Retype each line of the material below word for word; pictures stay out.

DATA BLOCK —
━━━━

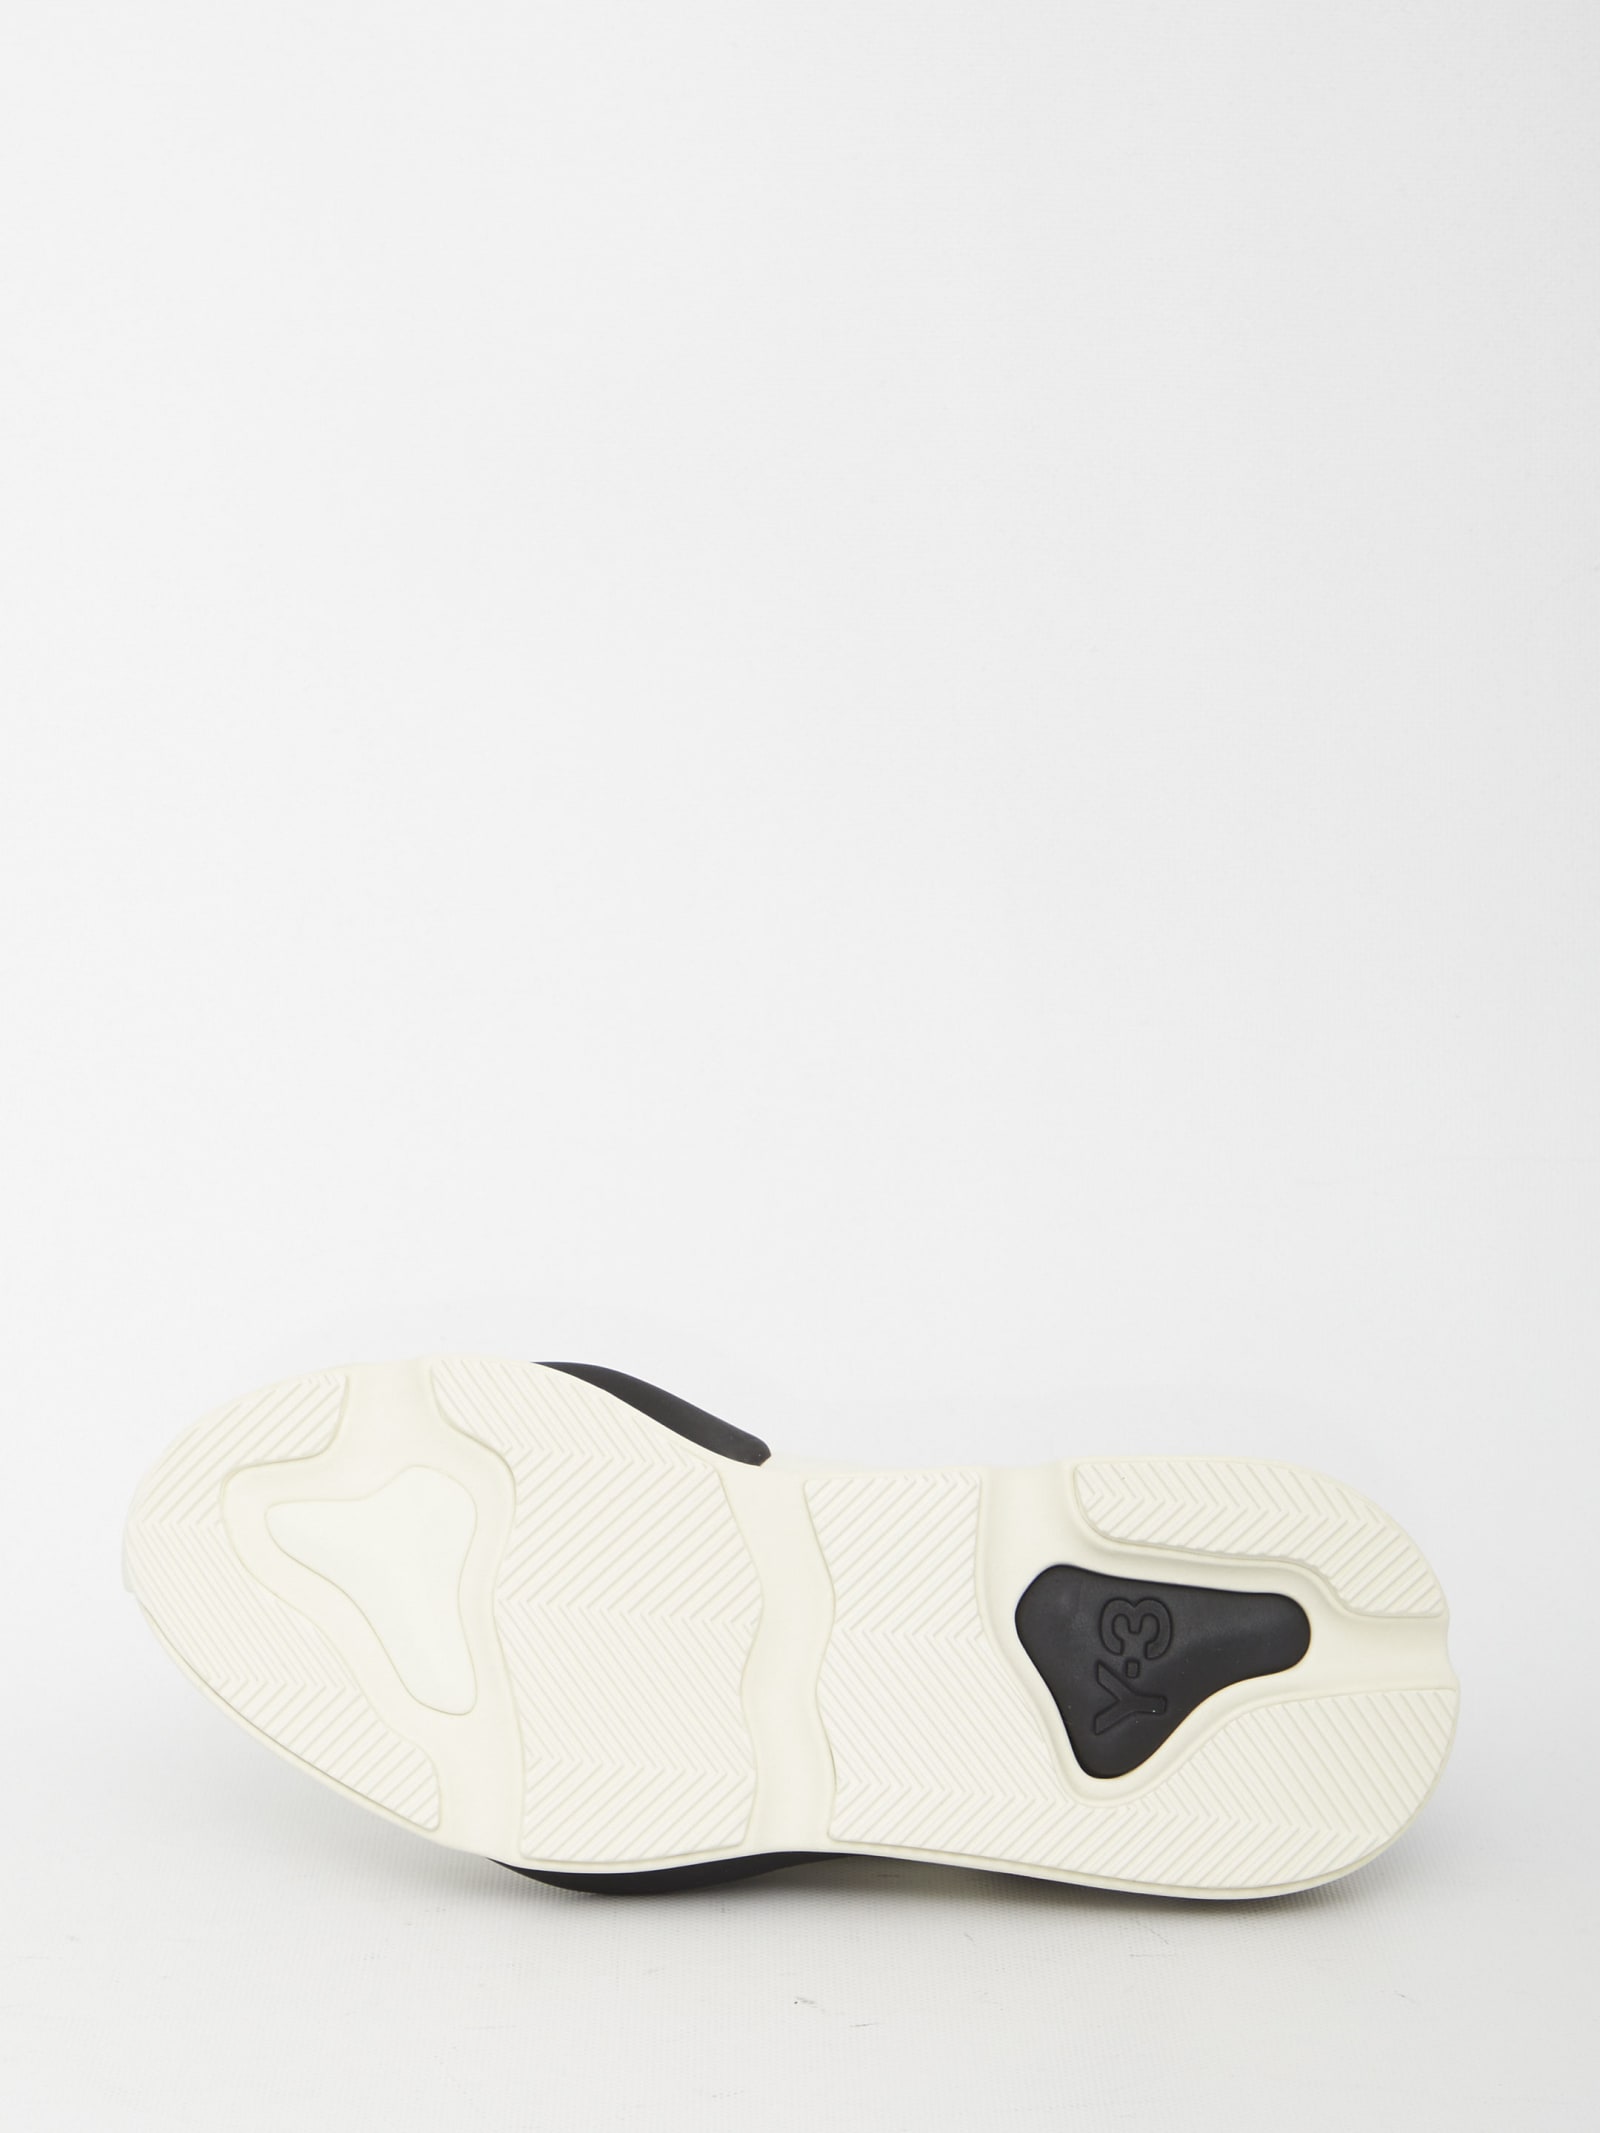 Shop Y-3 Kaiwa Sneakers In White Black
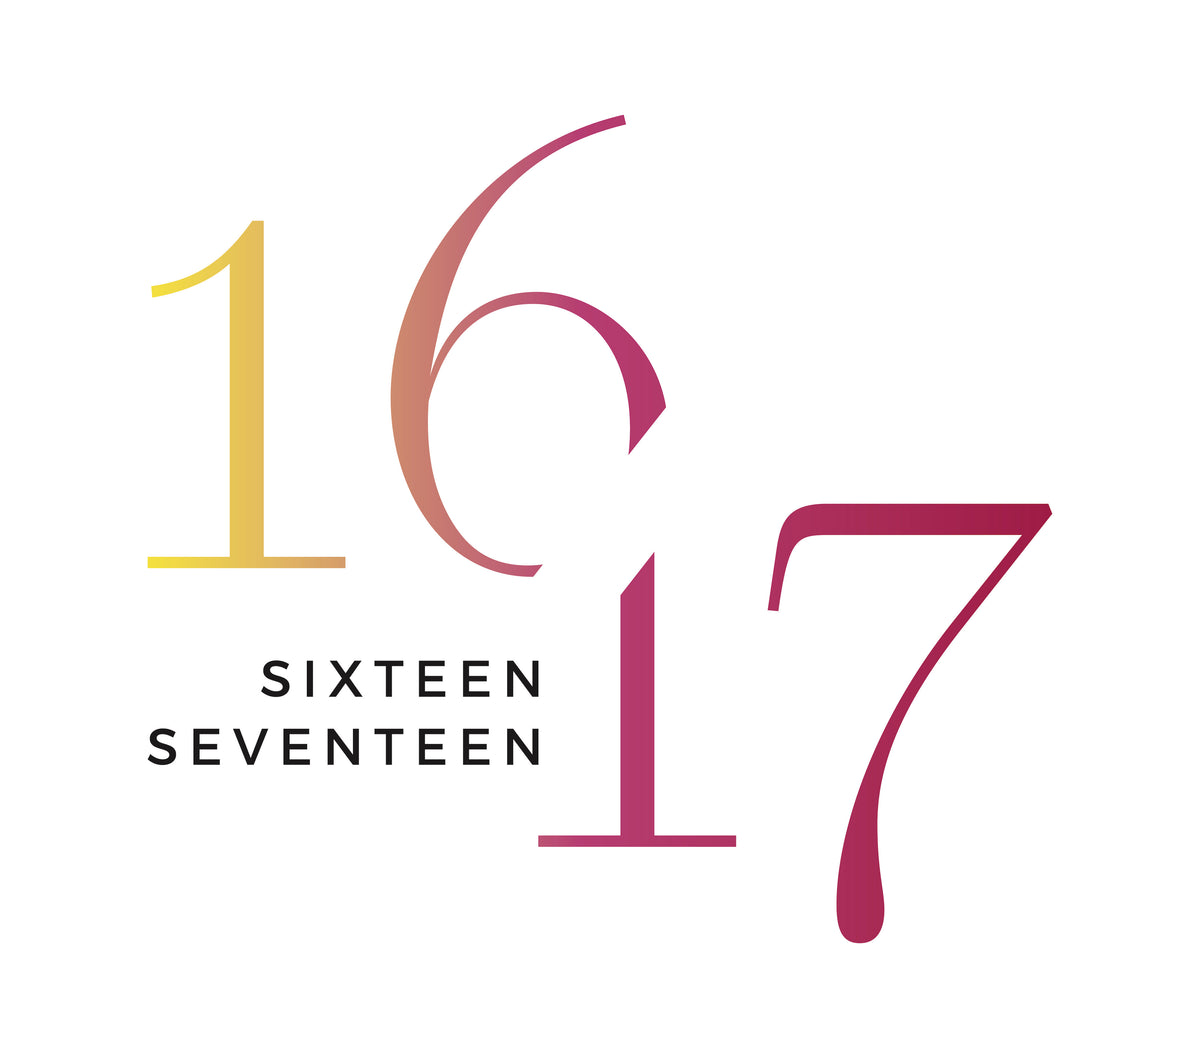 That's So Shaen Fragrance Oil – Sixteen Seventeen
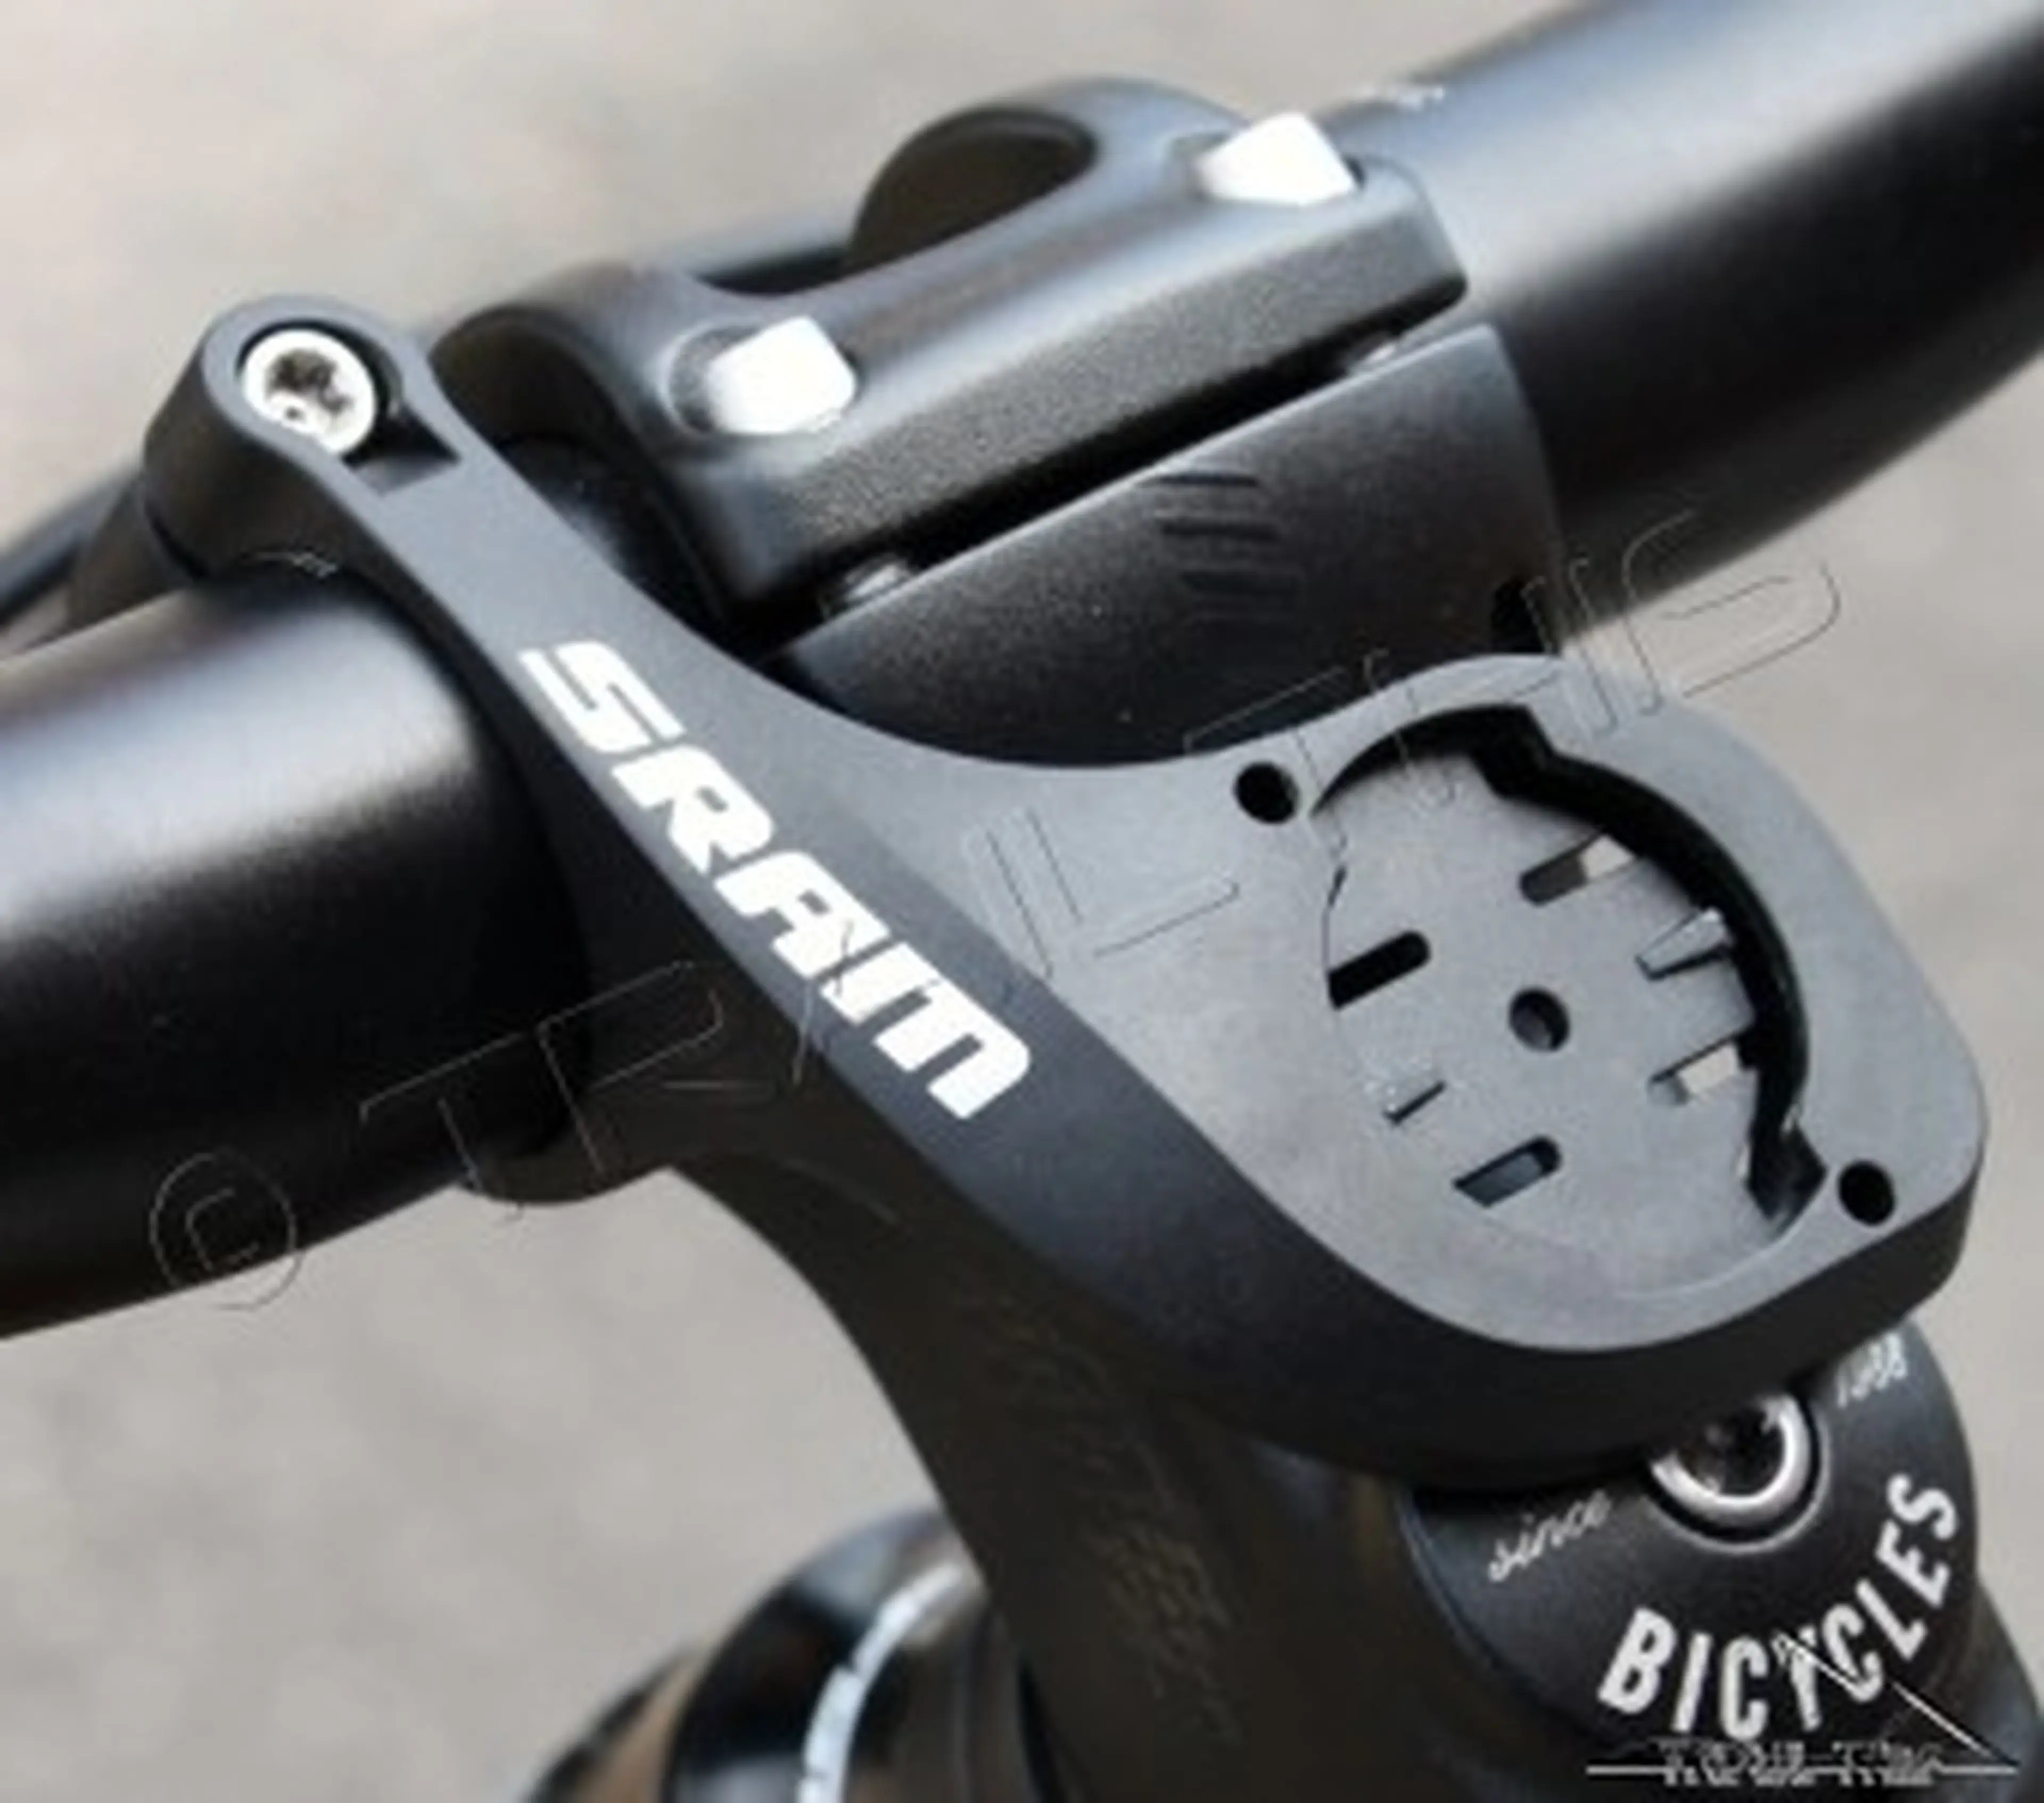 Image Suport bicicleta Sram gps Garmin / Bryton / Igsport

━━━━

SOLUTION TO THIS PROBLEM —
 Shop Y-3 Kaiwa Sneakers In White Black
 That's So Shaen Fragrance Oil – Sixteen Seventeen
 Image Suport bicicleta Sram gps Garmin / Bryton / Igsport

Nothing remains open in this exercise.